EMA’s human medicines committee (CHMP) has completed its review on the use of the monoclonal antibodies bamlanivimab and etesevimab to treat patients with COVID-19. This review was undertaken to provide a harmonised scientific opinion at EU level to support national decision making on the possible use of the antibodies prior to marketing authorisation.
The Agency concluded that bamlanivimab and etesevimab can be used together to treat confirmed COVID-19 in patients who do not require supplemental oxygen and who are at high risk of their COVID-19 disease becoming severe. The Agency also looked at the use of bamlanivimab alone and concluded that, despite uncertainties around the benefits of monotherapy, it can be considered a treatment option.
The medicines are given by infusion (drip) into a vein and the proposed conditions of use are available.

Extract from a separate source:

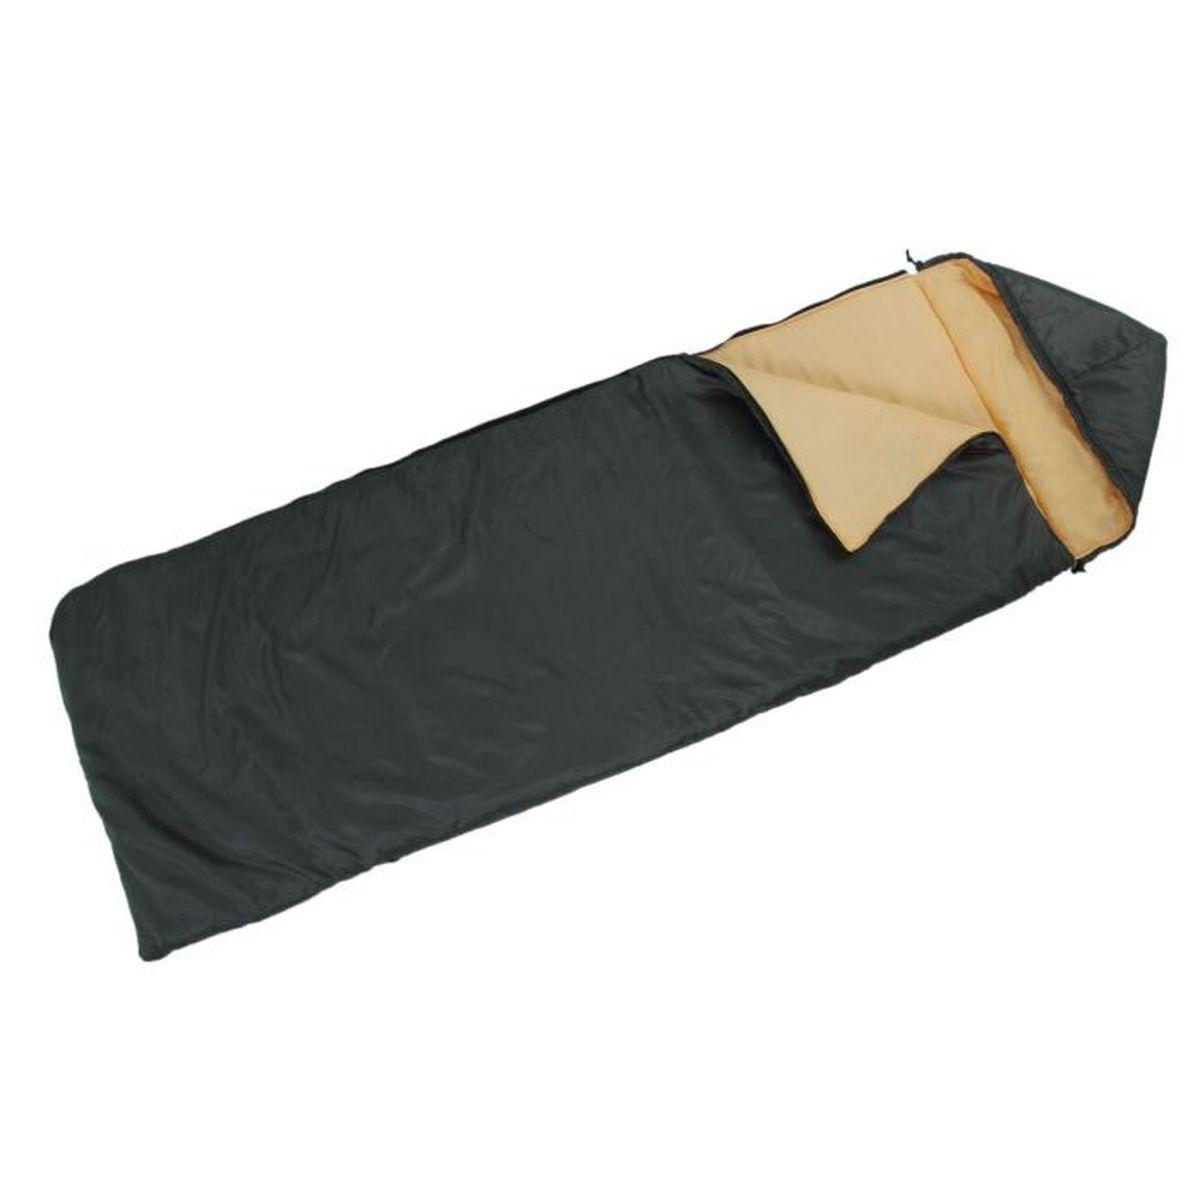 Спальный мешок Onlitop  Престиж , цвет: черный, бежевый, правосторонняя молния. 1344027 - Спальные мешки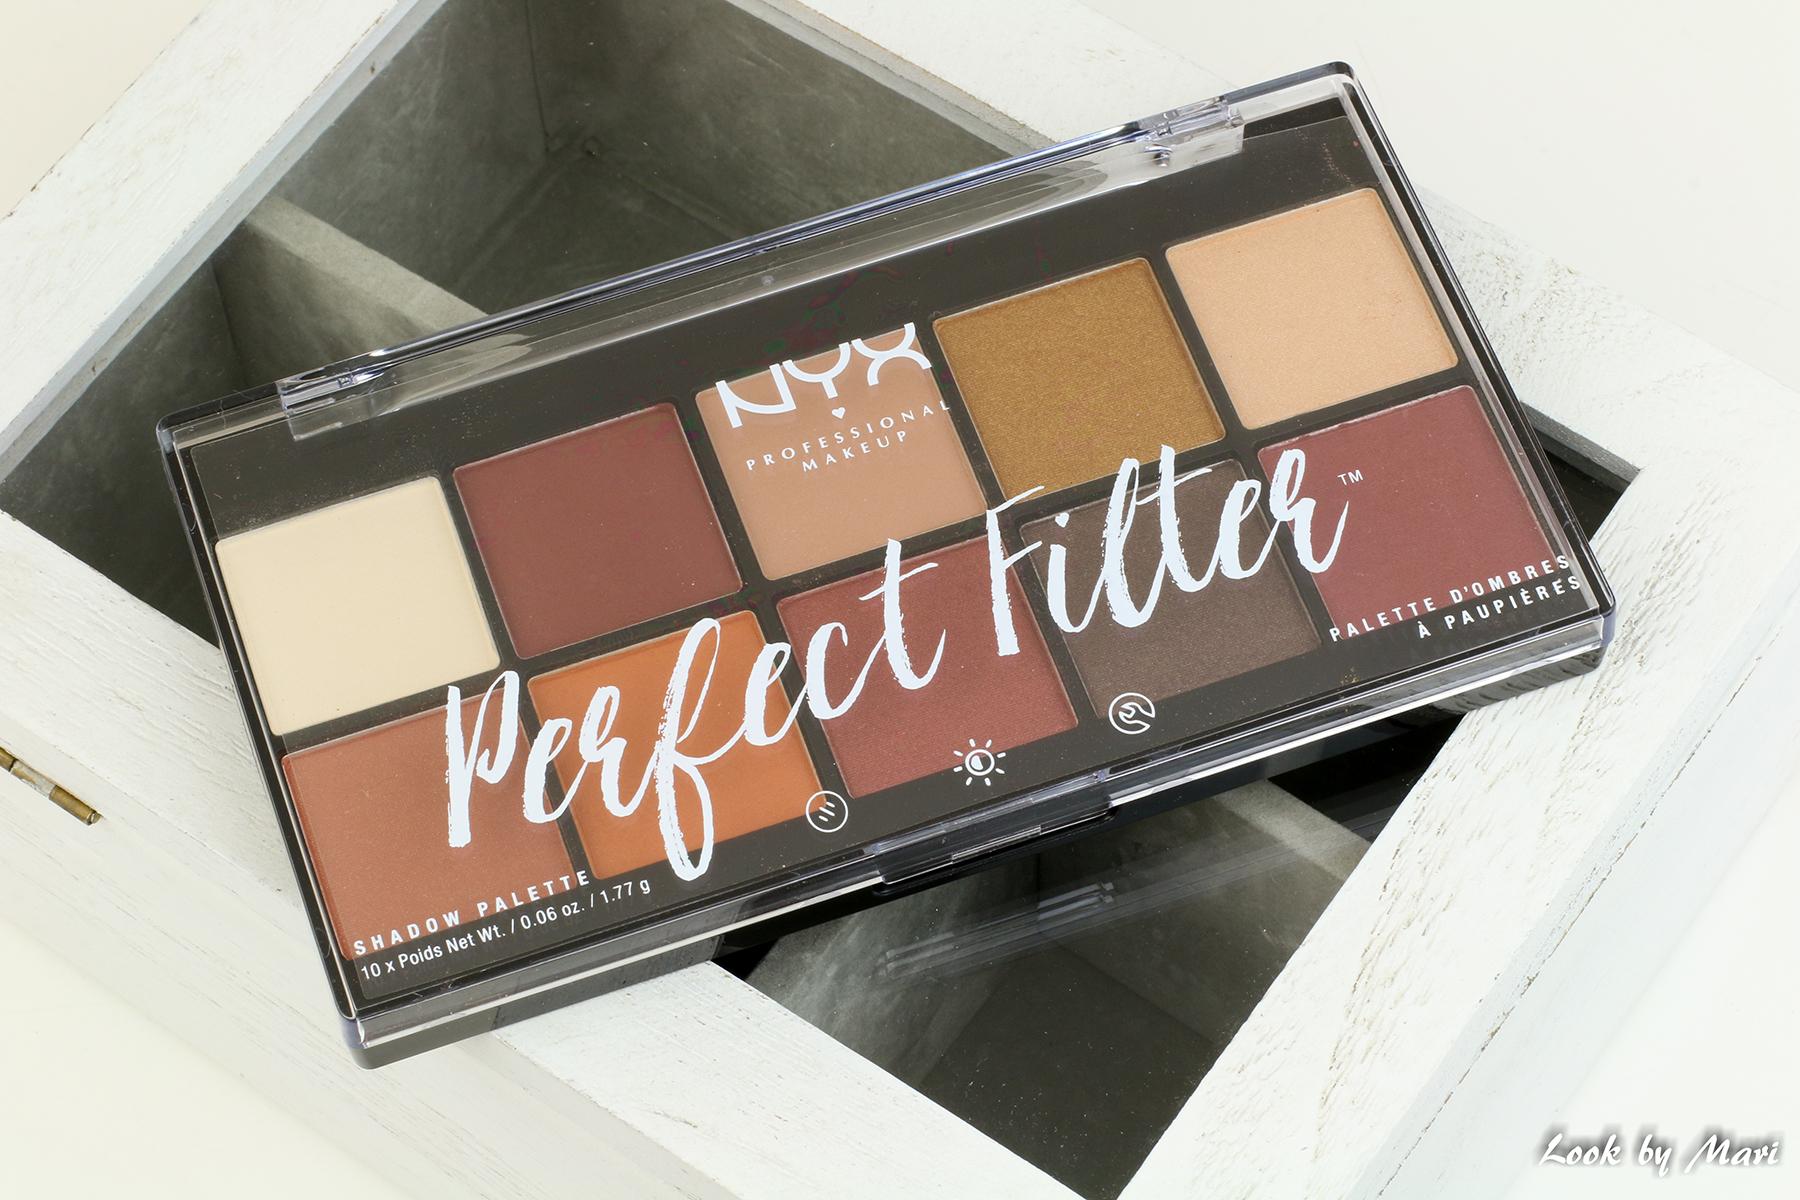 2-1 nyx perfect filter luomiväri paletti rustic antique kokemuksiä sävyt värit

EMA made its recommendations following a review of data including quality data, and data from a study that looked into the effects of monotherapy and combination therapy in outpatients with COVID-19 who do not need supplemental oxygen. Although some uncertainties remain, particularly around the benefits of monotherapy, the results indicate that the combination reduced the viral load (amount of virus in the back of the nose and throat) more than placebo (a dummy treatment). The results also indicated that the combination and monotherapy led to fewer COVID-19-related medical visits.
In terms of safety, most side effects reported were mild or moderate; however, reactions related to the infusion (including allergic reactions) are likely and should be monitored for.
EMA’s recommendations can now be used to support national advice on the possible use of the antibodies before a marketing authorisation is issued.
More about the medicines
Bamlanivimab and etesevimab are both monoclonal antibodies. A monoclonal antibody is a type of protein that has been designed to recognise and attach to a specific structure (called an antigen). Bamlanivimab and etesevimab have been designed to attach to the spike protein of SARS-CoV-2 at two different sites. When the medicines are attached to the spike protein, the virus is unable to enter the body’s cells.
More about the procedure
The review of antibodies bamlanivimab and etesevimab was started at the request of the EMA Executive Director under Article 5(3) of Regulation 726/2004 following preliminary discussion with the COVID-19 EMA pandemic task force (COVID-ETF), which brings together experts from across the European medicines regulatory network to advise on the development, authorisation and safety monitoring of medicines and vaccines for COVID-19.
The review of the antibodies bamlanivimab and etesevimab was carried out by EMA’s Committee for Medicinal Products for Human Use (CHMP), responsible for questions concerning medicines for human use, which has now issued its scientific opinion. The CHMP’s scientific opinion can be taken into account by EU member states and EMA when evaluating this medicine for the treatment of COVID-19.